AAAR 33rd Annual Conference
October 20 - October 24, 2014
Rosen Shingle Creek
Orlando, Florida, USA
Abstract View
Effect of Ambient Primary Organic Aerosols on Secondary Organic Aerosol Formation
JIANHUAI YE, Bruce Urch, Greg J. Evans, Arthur Chan, University of Toronto
Abstract Number: 58 Working Group: Aerosol Chemistry
Abstract Secondary organic aerosol (SOA) is known to pose serious health effects and plays a significant role in global climate change. Current atmospheric models assume that all organic species, including both primary organic aerosol (POA) and SOA form a well-mixed liquid phase and oxidation products partition into POA similarly as into SOA. Under this assumption, gas/particle partitioning equilibria for different SOA systems are parameterized in laboratory experiments (Odum model, volatility basis set etc.) with SOA-only organic phases.
Recently, Song et al. (Geophys. Res. Lett., 2007) demonstrated that SOA yield of alpha-pinene ozonolysis was not enhanced by introducing dioctyl phthalate and lubricating oil (POA surrogates) as expected, which indicated the overestimation of the results from the “Odum model”. Similarly, Asa-Awuku et al. (Geophys. Res. Lett., 2009), showed that different POA compositions may result in distinct phase partitioning behaviours. In both cases, the POA were laboratory-generated.
In this work, we examine the validity of “single phase” assumption by studying the interactions between ambient POA and SOA from the ozonolysis of alpha-pinene. The study is conducted adjacent to a major roadway in Toronto, Canada.

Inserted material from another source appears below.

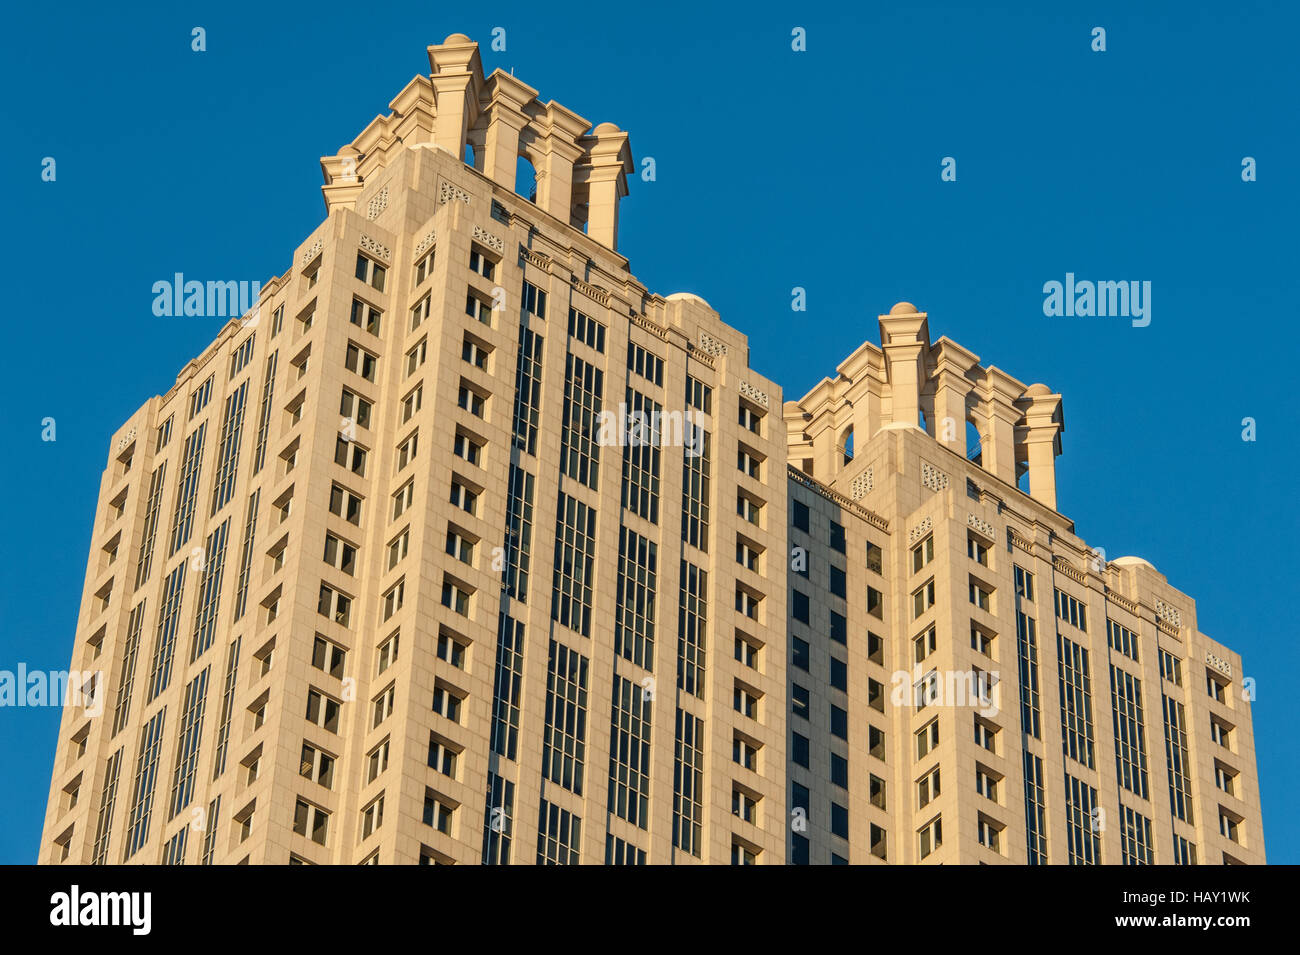 191 Peachtree Tower stands as an iconic landmark in downtown Atlanta, Georgia, USA. Stock Photo

Ambient POA is introduced into a custom-made quartz reactor (10.2 cm I.D. × 120 cm L.) together with alpha-pinene and oxidized with ozone. Aerodyne Aerosol Chemical Speciation Monitor (ACSM) will be used to determine the chemical compositions of POA. Aerosol size distributions and number concentrations are measured using a Scanning Mobility Particle Sizer (SMPS). Alpha-pinene concentrations are monitored using GC-FID.
In this study, we compare the experimental SOA yields of alpha-pinene ozonolysis in the presence of ambient POA to those predicted from the “Odum model”. In addition, POA/SOA phase partitioning behaviours are investigated with varying POA compositions during the day. Finally, the role of humidity in POA/SOA phase partitioning is also examined.